Case Study: Cendant

Our firm served as one of two lead counsel for the class in In re Cendant Corporation Litigation, Master File No. 98-1664 (WHW), before the Honorable William H. Walls of the U.S. District Court for the District of New Jersey. We were retained by the two largest state pension funds and the largest municipal pension fund in the country – the New York State Common Retirement Fund, California Public Employees’ Retirement System and New York City Pension Funds – to represent them in the lawsuits. Each of the Funds had suffered losses in the range of $30 million. The case stemmed from a restatement of financial statements that was announced just a few months after a highly-publicized merger of two high-flying companies, HFS Incorporated and CUC International, Inc., was consummated. The resulting company was named Cendant Corporation. Through our prosecution of the case, BR&B succeeded in certifying a class of purchasers of Cendant and CUC publicly traded securities during the period from May 31, 1995 through August 28, 1998, and recovering for the Class nearly four times more than had ever been recovered in the history of federal securities law class actions.

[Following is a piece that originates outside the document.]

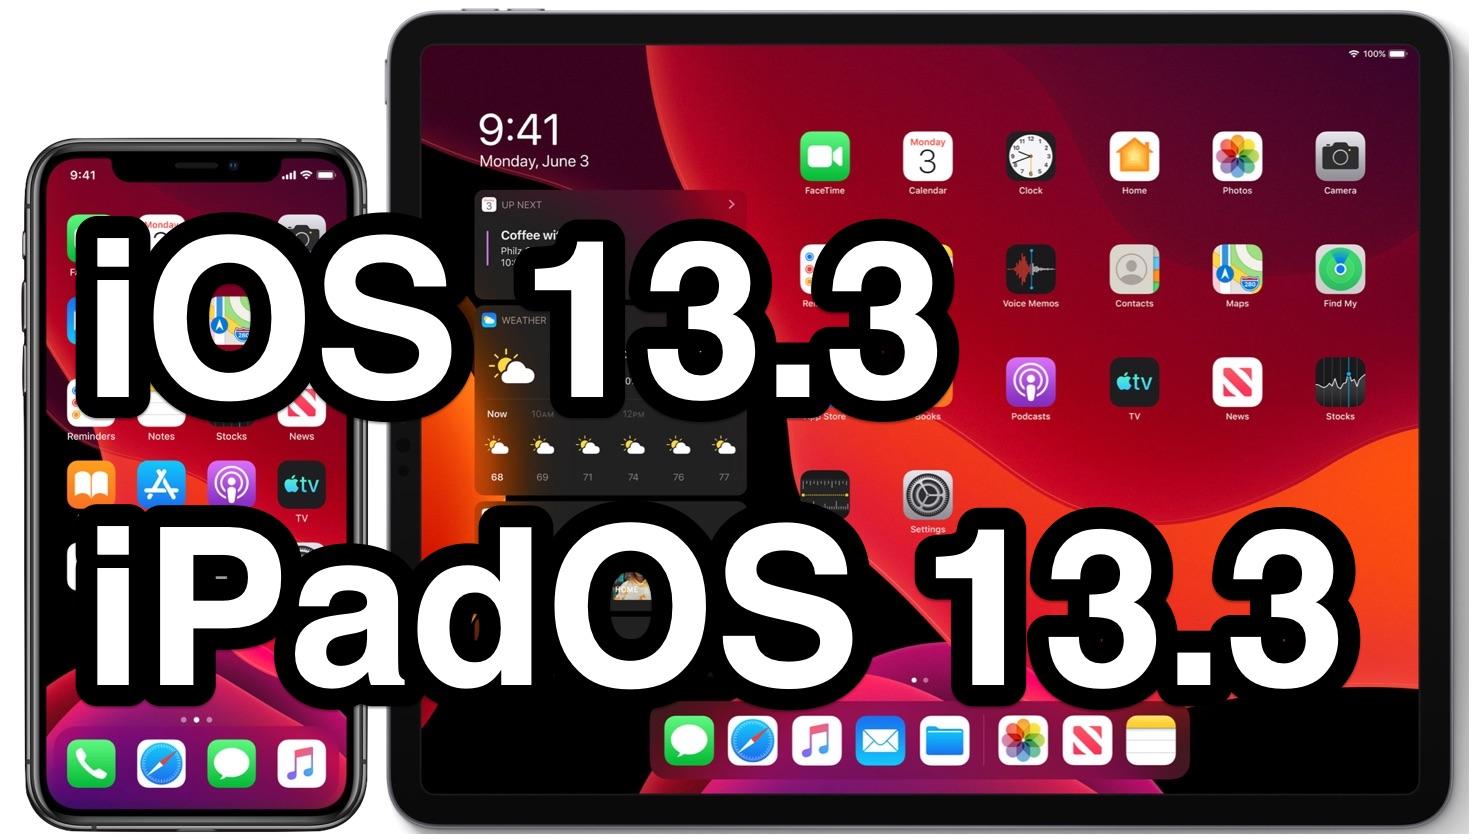 iOS 13.3 and iPadOS 13.3

By the time the dust had settled, we had achieved recoveries of more than $3.3 billion for the class, as well as highly significant corporate governance changes that we negotiated as part of the settlement with Cendant. Notably, the $3.3 billion recovery represented nearly 40% of the damages suffered by class members, and provided very significant payments – in a number of cases, in excess of $100 million – for the largest claimants, many of which were public pension funds. The recovery from CUC’s prior auditor, Ernst & Young LLP, still stands as the largest amount ever received in a federal securities law class action from an outside auditor.

Litigation Highlights

  • In September 1998, just a few months after Cendant’s stunning announcement, Judge Walls appointed the Funds as the lead plaintiffs pursuant to the PSLRA. Shortly thereafter, Judge Walls appointed our firm, as one of the Funds’ chosen counsel, to be co-lead counsel for the injured investors.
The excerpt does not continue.